Remember the good old days of the 1990s? Back in the day, you could drive your Saab 900 to Bed Bath and Beyond to get some towel racks on your way to the AMC movie theater to watch “Toy Story,” all the while being connected to work by the snazzy BlackBerry clipped onto your belt. Maybe later, if the kids behaved themselves, you could swing by the GameStop store to buy them a game for their Sony PlayStation.
Those days seemed well in the rearview until COVID hit and the Robinhood-Reddit-Wall Street Bets monster rose up—seemingly out of thin air—to turn asset valuation on its head by snapping up equity in stocks referred to as “meme stocks.” Now, also-ran companies that many of us thought were already on the ash-heap of history have become juggernauts steamrolling professional traders on the wrong side of the new reality.

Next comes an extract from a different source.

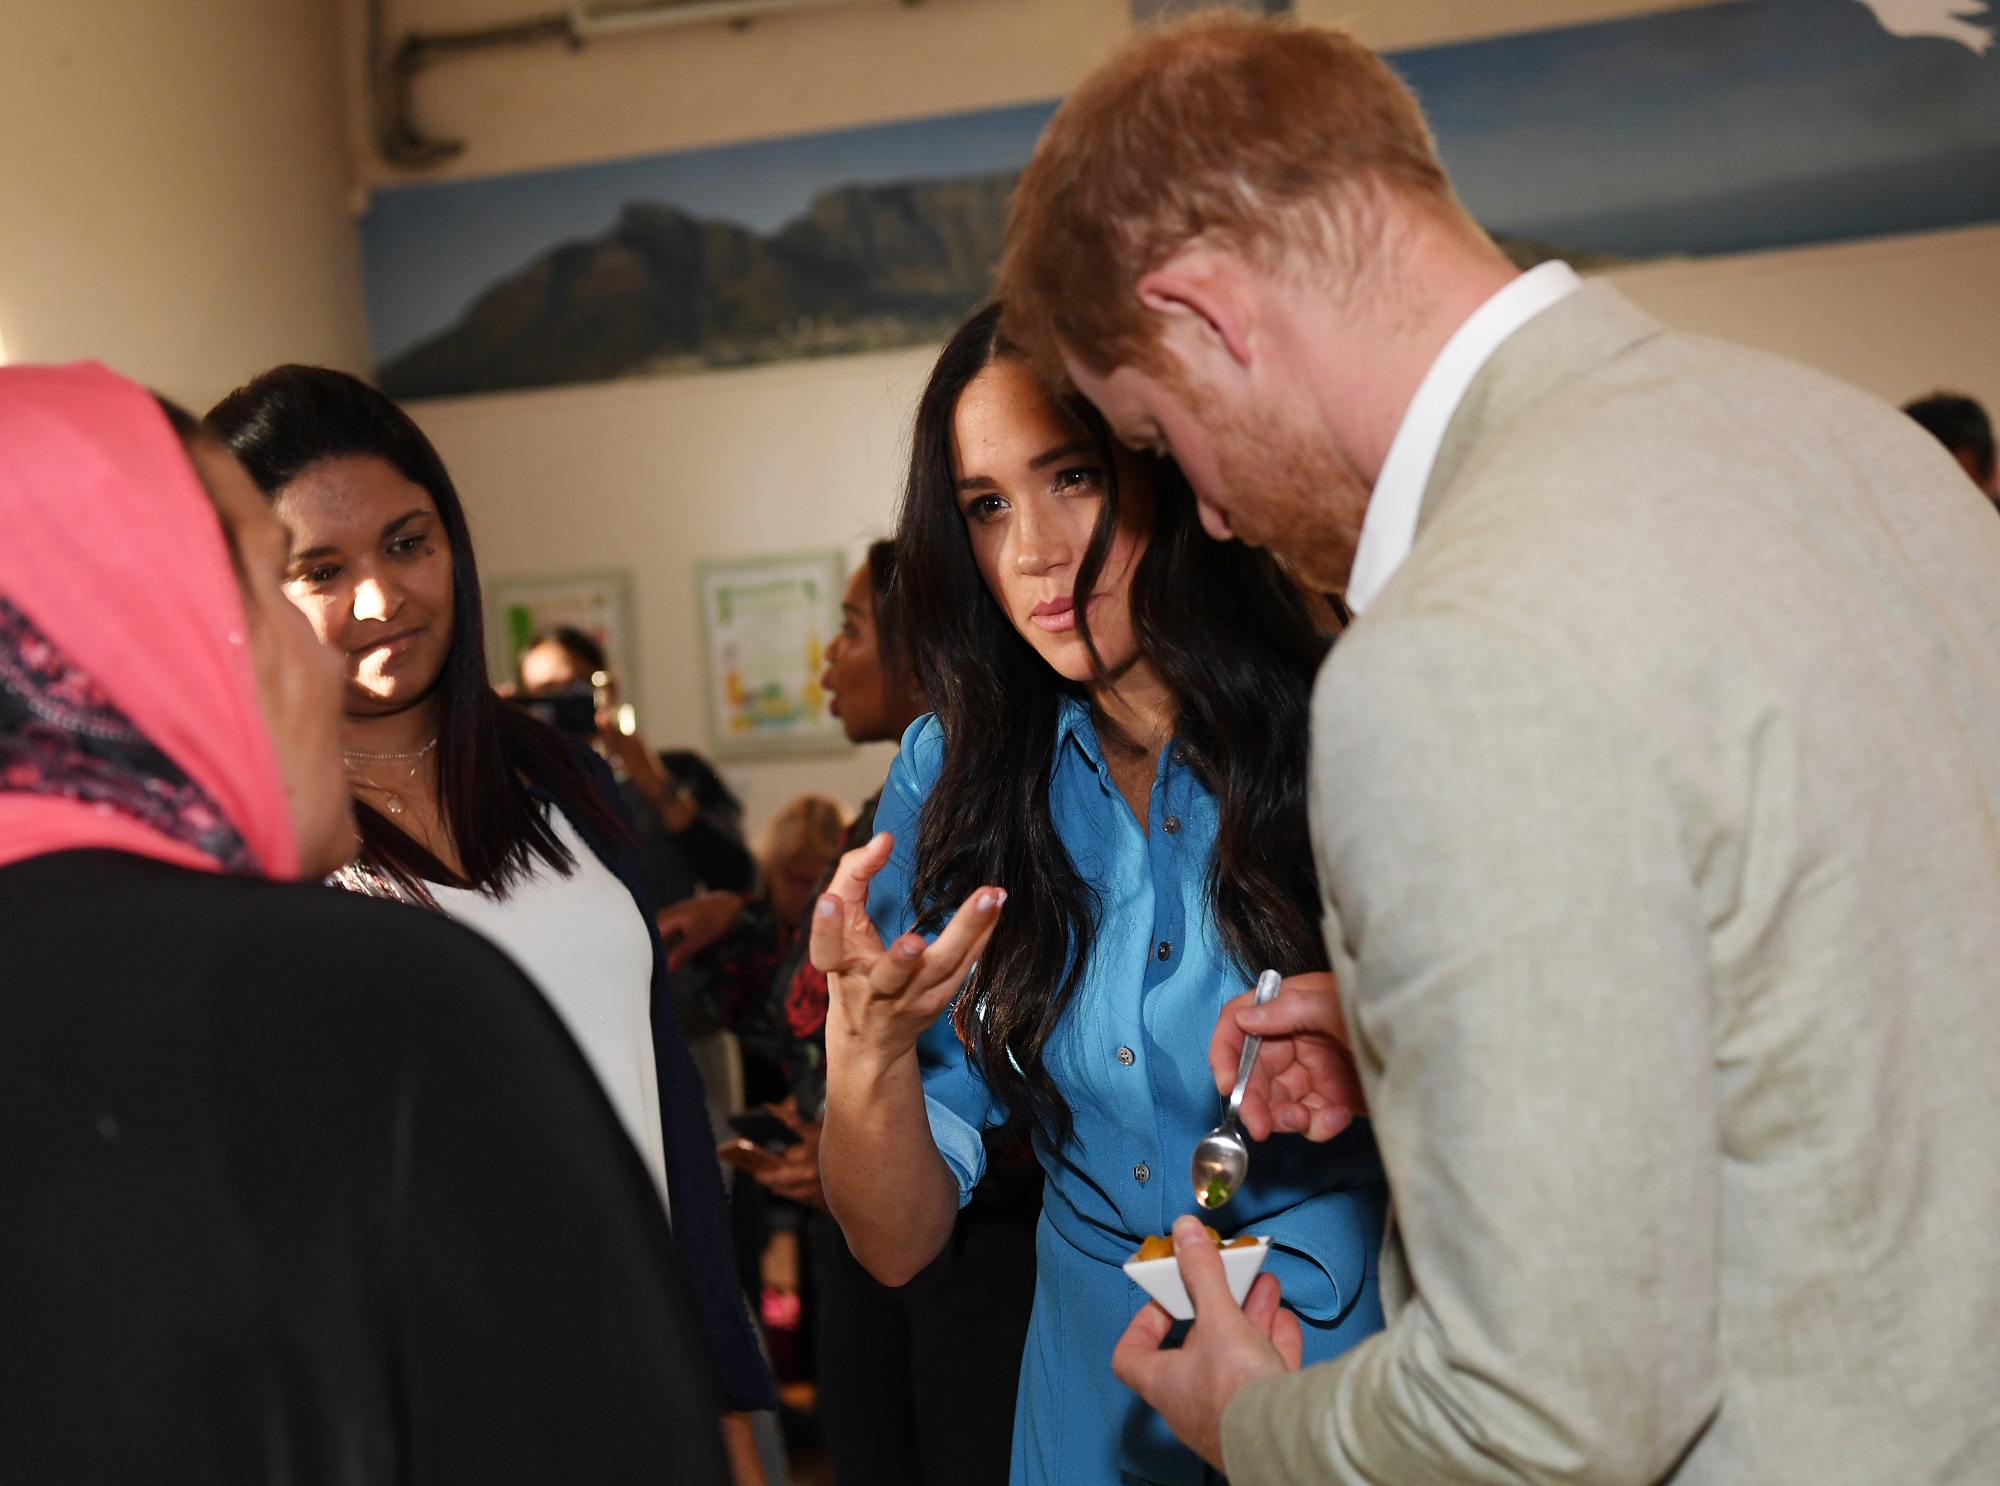 CAPE TOWN, SOUTH AFRICA - SEPTEMBER 23: Meghan, Duchess of Sussex and Prince Harry, Duke of Sussex visit the District 6 Homecoming centre on September 23, 2019 in Cape Town, South Africa. District 6 is a former inner-city residential area in Cape Town, where freed slaves, artisans, immigrants, merchants and the Cape Malay community lived. For over a hundred years, different communities and races lived side by side, and the District became known for its vibrant culture, music and food. In 1966, the government declared District 6 a whites-only area, and over 60,000 residents were forcibly removed and relocated to the Cape Flats Township. (Photo by Facundo Arrizabalaga - Pool/Getty Images)

This piece may sound like a frustrated old-school investor acting like grandpa Simpson shaking his fist and yelling, “You rotten kids!” And maybe that is right, but I’m really not sure we’ve seen a break from reality this large before. Perhaps the “dot-com” bubble, but back then we were transfixed with all the new technology and its possibilities. Of course, there were many crazy start-ups that had no business being public companies, but many of the “dot-com” stocks were just too early, as they had not figured out how to monetize many good ideas. What we are seeing now, however, is stocks like Blackberry being driven up seemingly for nostalgia’s sake.